さらに詳しく: リスボン・ベレン地区でやりたいこと10選
ベレン地区はテージョ川の河口に位置し、マヌエル様式を代表するジェロニモス修道院とベレンの塔で有名です。この芸術様式はポルトガル特有のものです。その華麗な装飾にきっと驚かされることでしょう。リスボンのこの風情あふれる地区で、おすすめのアクティビティをご紹介します。
1. ガイド付きツアーに参加する
リスボンへの旅行なら、ベレン地区は外せません。このエリアはポルトガルの植民地時代の歴史と深く結びついています。かつてこの川岸から、カリベル船がヨーロッパを出発し、ブラジルの海岸やインドの海外植民地へと向かったのです。
ガイドツアーを選べば、専門のガイドに案内され、この地区の主要な見どころであるジェロニモス修道院、発見のモニュメント、ベレンの塔を巡ることができます。 これらのツアーは通常2時間程度で、多くはプラサ・ド・インペリオ(海軍博物館の正面)や、川岸にあるドカ・デ・ボン・スセッソ(ボム・スセッソ埠頭)から出発します。
ベレンのおすすめツアー
ベレンのツアーはどれも同じというわけではありません。この地区を巡る方法はいくつかあります。以下は最も人気のあるツアーです:
- ベレンのガイド付きウォーキングツアー-** ¥6,216から**
- リスボンのベレン地区をトゥクトゥクで巡るツアー-** ¥14,952から**
- リスボンのテージョ川とベレンを巡るセグウェイツアー-** ¥13,205から**
2. マヌエル様式建築の傑作を見学
どのツアーを選んでも、ベレンを巡る途中、インペリオ広場を支配するようにそびえ立つ荘厳な宗教建築、ジェロニモス修道院を通り過ぎることになります。その歴史は、海洋探検とヴァスコ・ダ・ガマという人物に深く結びついています。 1497年、このポルトガル人航海士はサンタ・マリア・デ・ベレン港を出航し、アフリカ西海岸沿いを進み、喜望峰を回り、1498年5月20日にカリカット(インド)に到着しました。1年後、2隻の船が香辛料を積んでポルトガルへ戻ってきました。 この新たな交易路を祝うため、マヌエル1世王は壮大な教会の建設を決定し、建築家ディオゴ・デ・ボイタカにその設計を委ねました。
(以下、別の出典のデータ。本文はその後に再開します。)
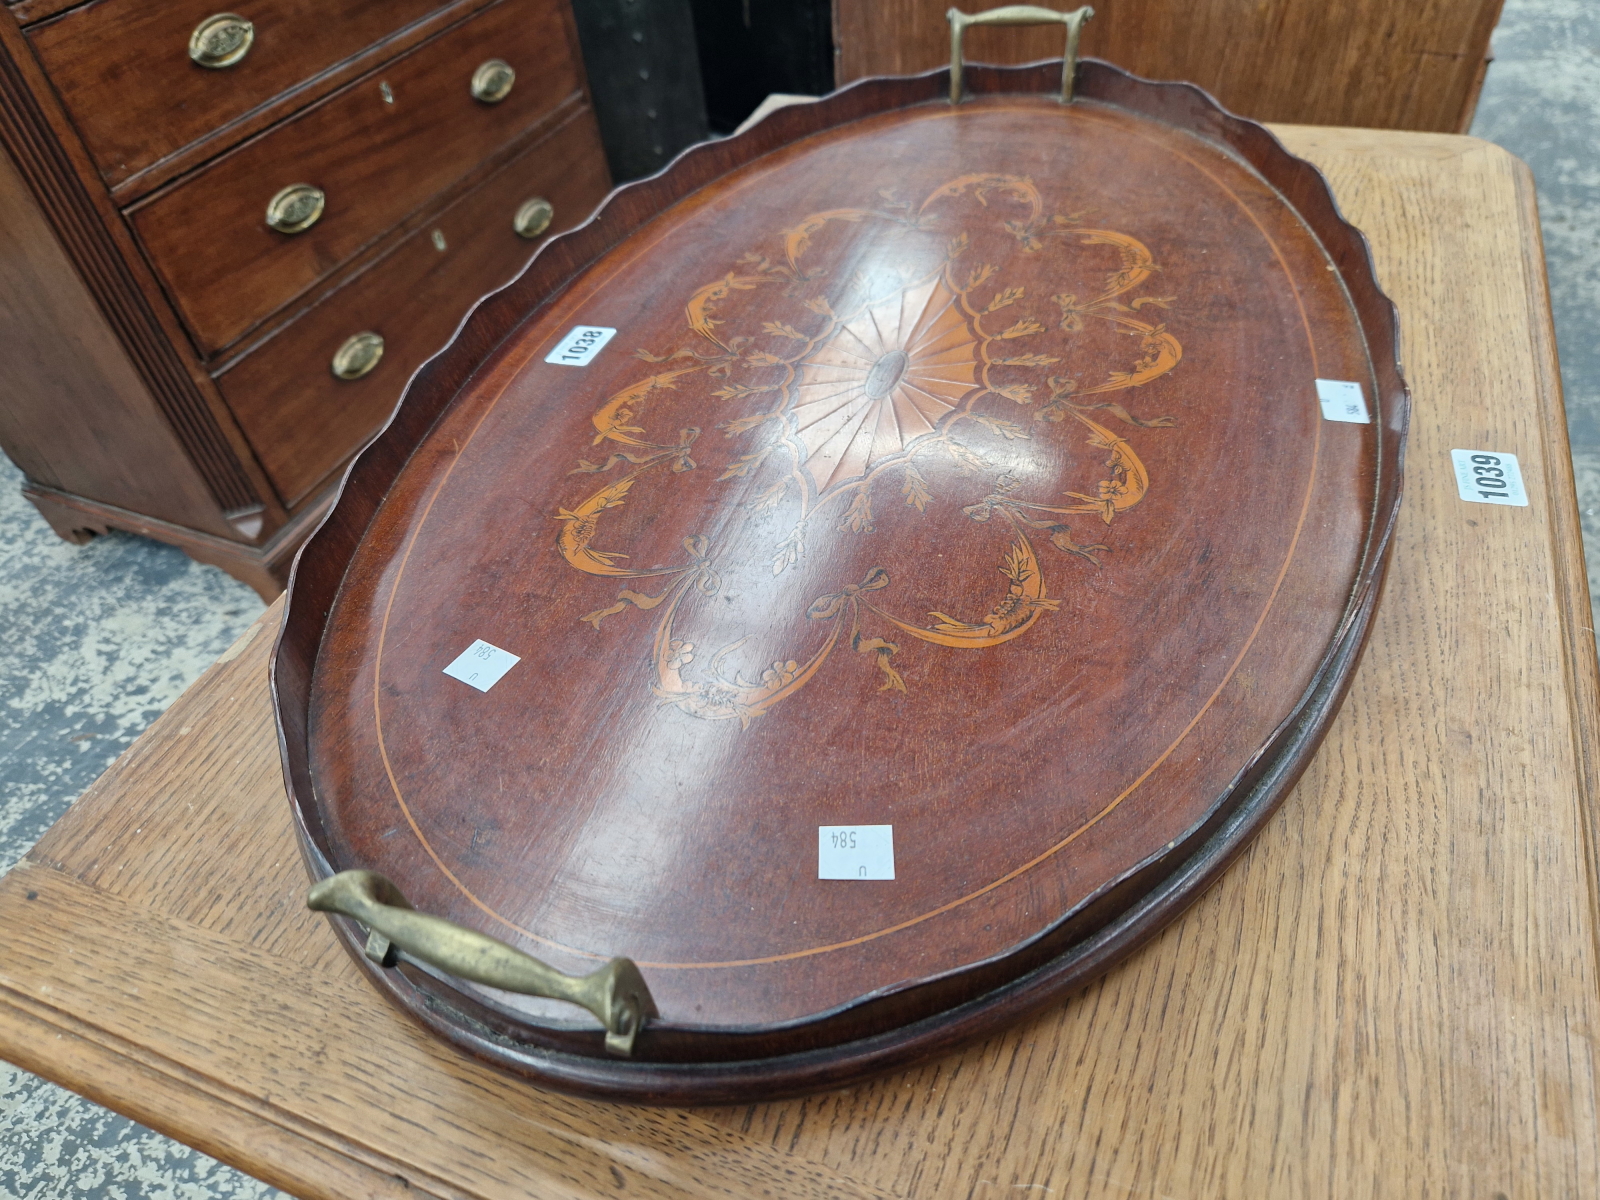 A BRASS HANDLED MAHOGANY OVAL TRAY INLAID WITH A CENTRAL PATERA WITHIN DRAPERY SWAGS - Image 2 of 2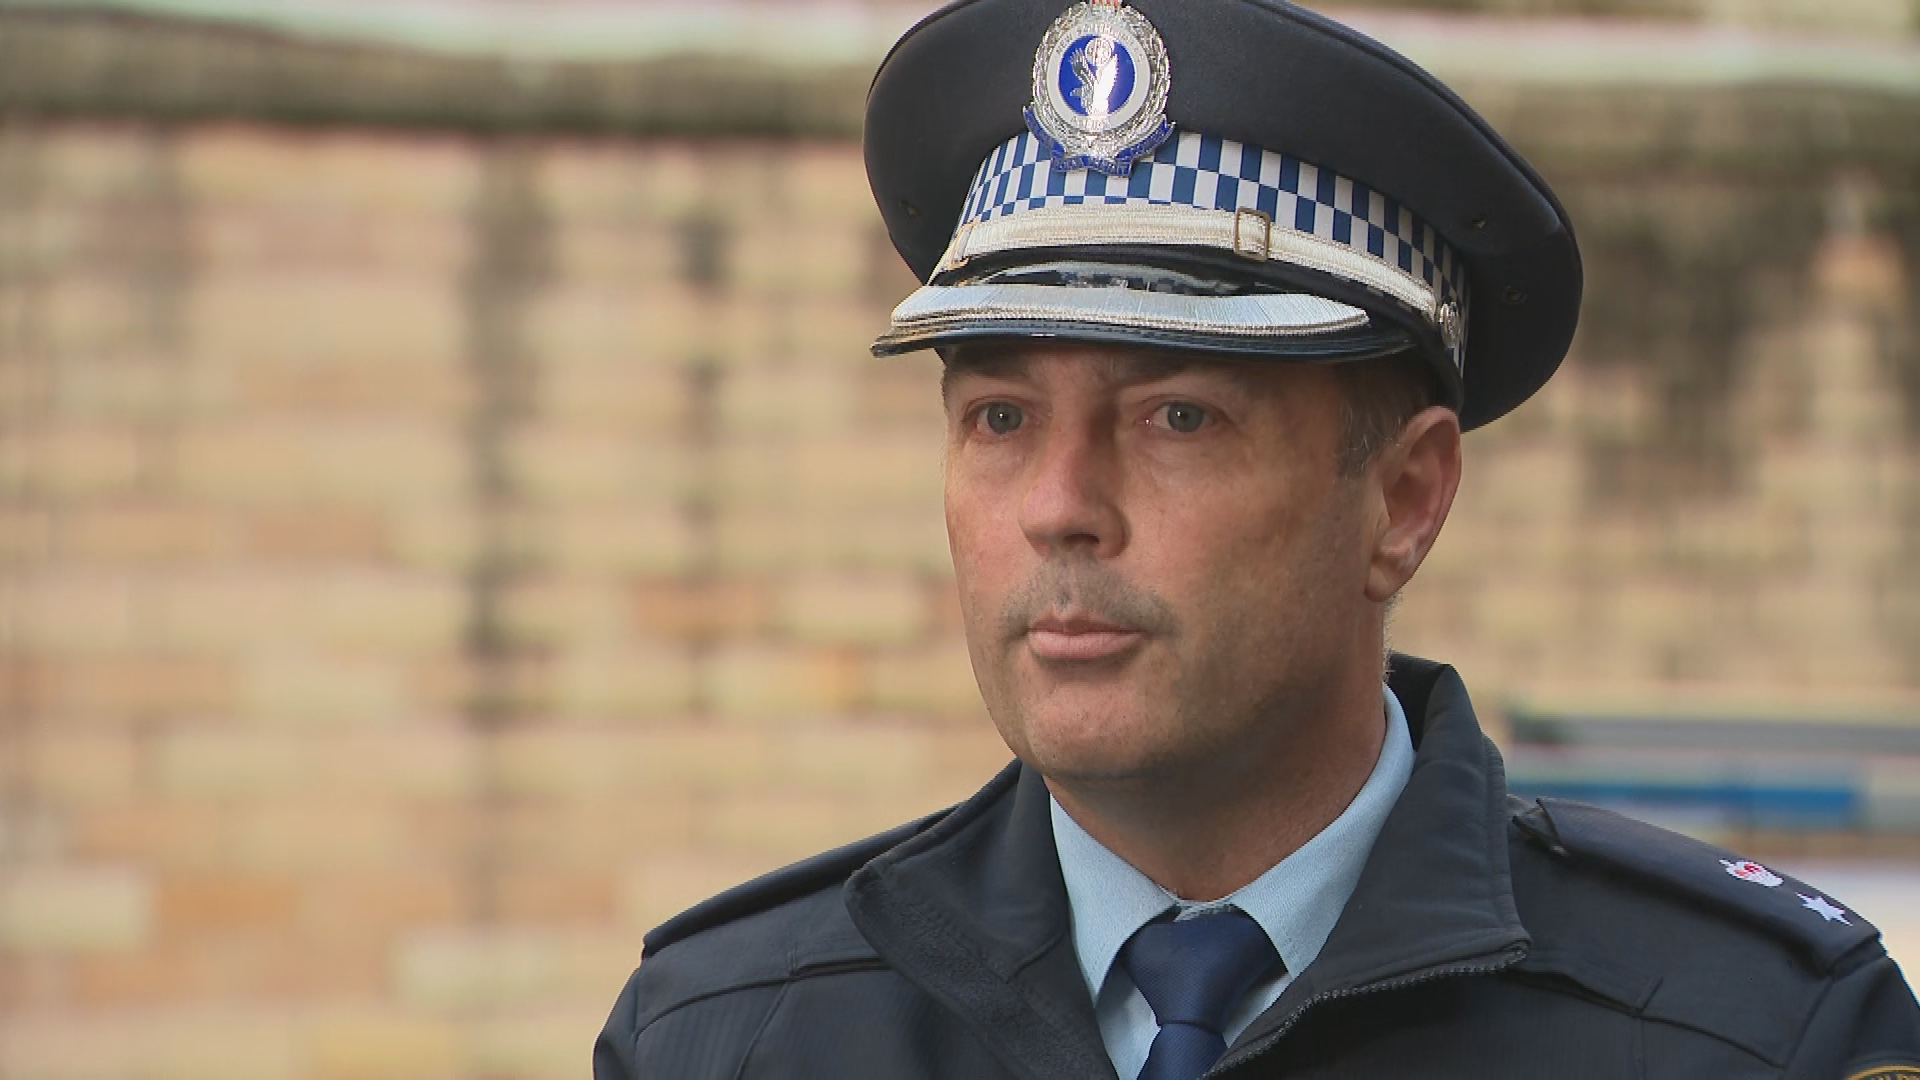 Acting Commissioner Rodney Pistola says a taskforce has been established to investigate the peeping Tom incident.

最初の立ち寄り先はサンタ・マリア・デ・ベレン教会です。これは巨大な柱を持つゴシック様式の教会で、4人のポルトガル王、ルイス・デ・カモンイス、そしてヴァスコ・ダ・ガマの墓所があります。 もう一つ見逃せないのが、マヌエル様式で建てられた2階建ての回廊です。両階とも、ガーゴイル、航海のシンボル、メダリオン、アズレージョなどで豪華に装飾されています。10月から4月までは10:00~17:00、5月から9月までは18:30まで開いています。
修道院の教会に足を踏み入れたら、ぜひ中廊下の天井を見上げてみてください。この驚くべきドームは、蜘蛛の巣を思わせる構造が特徴ですが、その高さや大きさにもかかわらず、柱で支えられていないのです!
3. 街のシンボル、ベレンの塔を発見
ベレンの塔は、リスボンの象徴的な場所にそびえ立っています。かつてブラジルやアフリカ、その他の海外植民地へと船が出航した、レストロの旧海岸の上に建っています。建設はマヌエル1世の治世中に始まり、フランシスコ・デ・アルーダの設計によるものです。 この建築家は、モロッコの大西洋岸にあるアザモールの要塞を設計しており、マグレブ諸国での滞在経験が、アラブ様式の要素が際立つ塔の装飾に反映されています。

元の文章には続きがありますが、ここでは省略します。